The Greek - Turkish Population Exchange Convention was signed on 30 January 1923. The population exchange was based on religious identity - involving denaturalization of the Orthodox Christian population of Turkey and the Muslim population of Greece.

My question is about the situation of the Muslim population on the Greek side. What was the legal situation of the converts, who wanted to stay in Greece, and converted to Christianity after the convention date? More specifically, what happened to Turkish women married to Greek men after the convention date, and decided to stay in Greece as a Greek.

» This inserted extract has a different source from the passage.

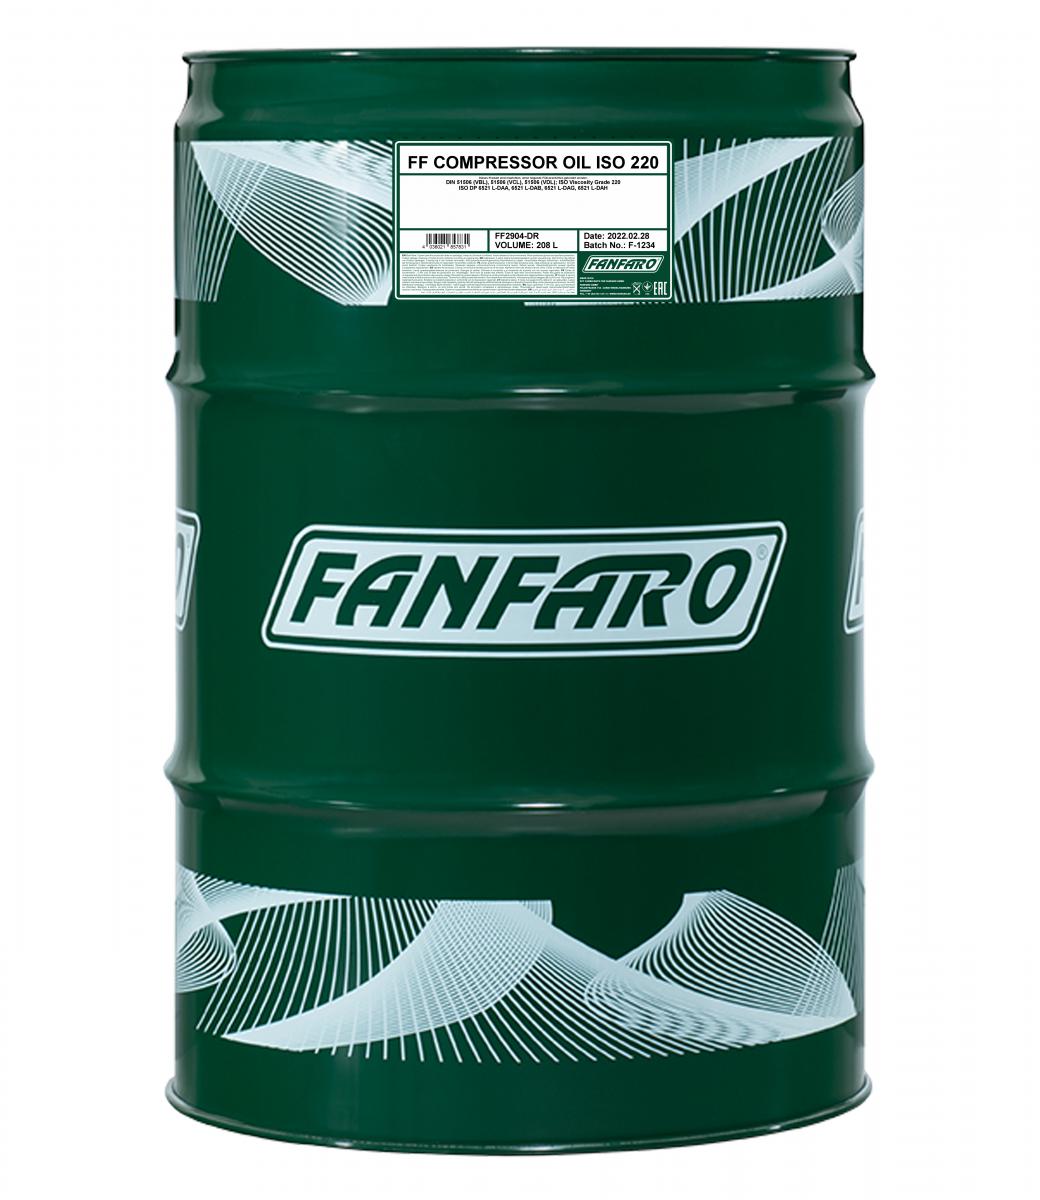 FANFARO COMRESSOR OIL ISO 220

We know that in both sides, many people changed religions to stay. On the Turkish side, at least on the official side, the Orthodox Greek women marrying to Turkish men were only allowed to stay in Turkey, if the marriage was prior to the convention date. It was even subject to a government decree dated 27 July 1924 in the Turkish side, to clarify such situation, which did not allow post convention marriages.

I want to understand the similar situation in Greece, with regards to Muslim women marrying Greek men, after the convention date. Were they allowed to stay, or was there the same situation as in Turkey, where only the pre-convention married women were allowed to stay?


1 Answer 1


Officially, If you were a Muslim in Greece, you could be exempt from compulsory deportation if you were:

  • part of the ethnic Albanian community
  • a resident of Thrace

The Greek government had placed no restrictions on religious conversions via marriage or baptism in the same fashion that the Turkish government did. Last minute conversions to prevent deportation were allowed and this applied to both men and women. It is unclear if there were specific rules for women

Here is an example of marriages occurring in Crete in order to prevent evacuation:

...findings reveal that some male members of Muslim families in Crete avoided the population exchange either by way of converting to Christianity or getting married to the local Greek women. Thereby, it became possible to prevent the properties of their families from confiscation. See Raif Kaplanoglu, Bursa'da Miibadele (1923-1930 Yunanistan Gogmenleri) (Bursa: Avrasya Etnografya Vakfi Yaylnlarl, 1999)

- Diplomacy and Displacement: Reconsidering the Turco-Greek Exchange of populations, 1922-1934 (Onur Yildirim, pg 249)

If your identification papers read that you where Orthodox and not Muslim, you where exempt from the population exchange.

Furthermore, marriage in the Orthodox church requires that both husband and wife must profess the Christian faith. Therefore those Muslim men and women who married into Orthodox families had to convert as a pre-requisite to their marriage.

  • OP asks about women; most of your answer focuses on men. Is that because there is very little documentation on women?
    – MCW
    Commented Jan 21, 2016 at 0:35
  • 2
    There is very little documentation in English about the situation of women. There probably exists Turkish accounts of individuals marrying to avoid deportation. unfortunately i dont know Turkish and the best info i could find in English is on males. Will edit accordingly
    – Notaras
    Commented Jan 21, 2016 at 0:43
  • Kapetanios, I am checking Diplomacy and Displacement in detail. It is true that there had been lot's of conversions in both sides to prevent forced immigration. However, I cannot find sources documenting that such conversions were allowed after Lousanne Agreement. During Lousanne negotiations, many people converted. It was so fast in the Turkish side that the Turkish government at some time froze the official registry of marriages. However, later on passed a decree to allow all conversions and marriages pre-Convention. This also included many post Convention conversions, back date registered
    – Can
    Commented Jan 25, 2016 at 8:28
  • What I am trying to understand is whether or not such conversions were allowed in the Greek side, if the official (registered on state) conversion date was after the Lausanne Convention.
    – Can
    Commented Jan 25, 2016 at 8:33
  • @Can As i mentioned in the answer "The Greek government had placed no restrictions on religious conversions via marriage or baptism in the same fashion that the Turkish government did". Exactly who could be baptised was solely determined by the Orthodox church and not the state. And there is no documented cases of Orthodox priests or bishops refusing to baptise Muslims prior to or after the Lausanne agreement.